The published Li 2019 paper contains two items that a reviewer re-reading the source alongside this model should be aware of:

  • Albumin unit typo (Methods p. 248). Li 2019 Methods states “baseline albumin of 4.0 mg/dL” as a reference-subject covariate value. Normal adult serum albumin is ~4 g/dL; a value of 4 mg/dL is a factor of 1000 too low and is physiologically impossible. This is treated as a publication unit typo: the model codes the ALB reference as 4.0 g/dL, which is clinically sensible and matches other abatacept PK reports (e.g. the Orencia label). This unit is recorded in covariateData[[ALB]]$units as g/dL with an explicit note.

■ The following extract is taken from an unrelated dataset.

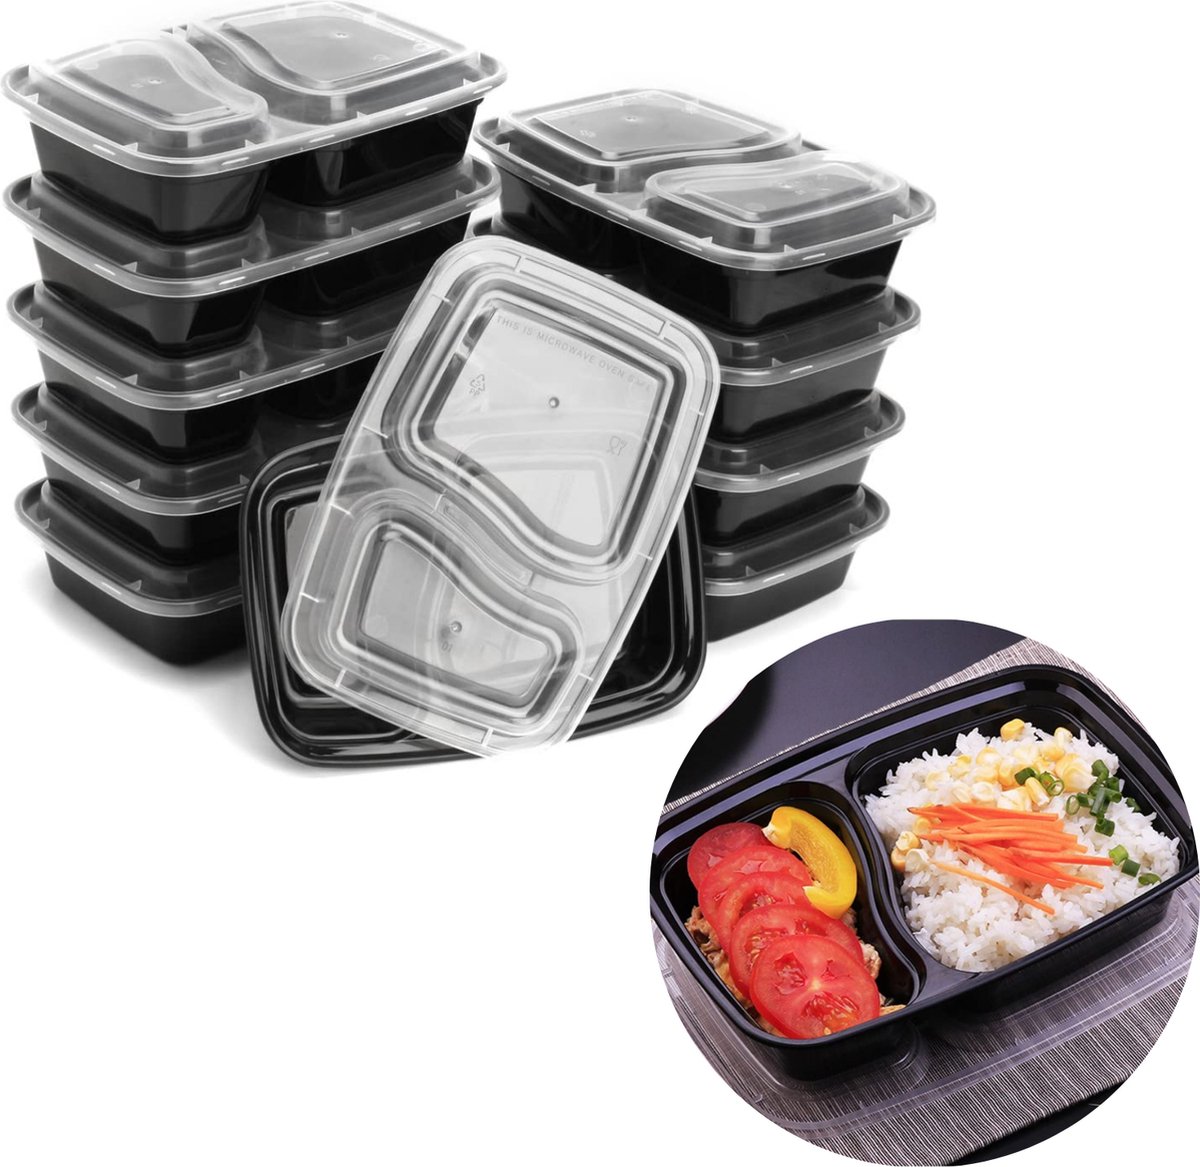 Cheqo® Vershoudbakjes Herbruikbaar - Meal Prep Bakjes - Diepvriesbakjes - Lunchbox - Vershouddoos - Plastic Bakjes - Magnetron Bakjes - Voedselcontainer - 10 Stuks met 2 Compartimenten

  • Table 1B caption vs final-model equation (Table 1 caption and Results p. 249). Table 1 is captioned “Parameter Estimates for (A) the Structural Part of Final PPK Model for Abatacept and (B) the Covariates of the Full PPK Model” — i.e. Table 1A is final but Table 1B is explicitly the full model. Table 1B’s 11th row (CLMTX = -0.0405, 95% CI crossing zero) is not present in the published final-model covariate equation on p. 249. The operator decision for this extraction was to treat Table 1B’s 10 non-MTX estimates as the published final-model covariate values (matching the final-model equation exactly) and to drop CLMTX; the paper does not separately tabulate post-backward-elimination covariate estimates. If Bristol-Myers Squibb ever publishes a separate table of final-model covariate estimates that differ from Table 1B, the values in this model should be refit against that source.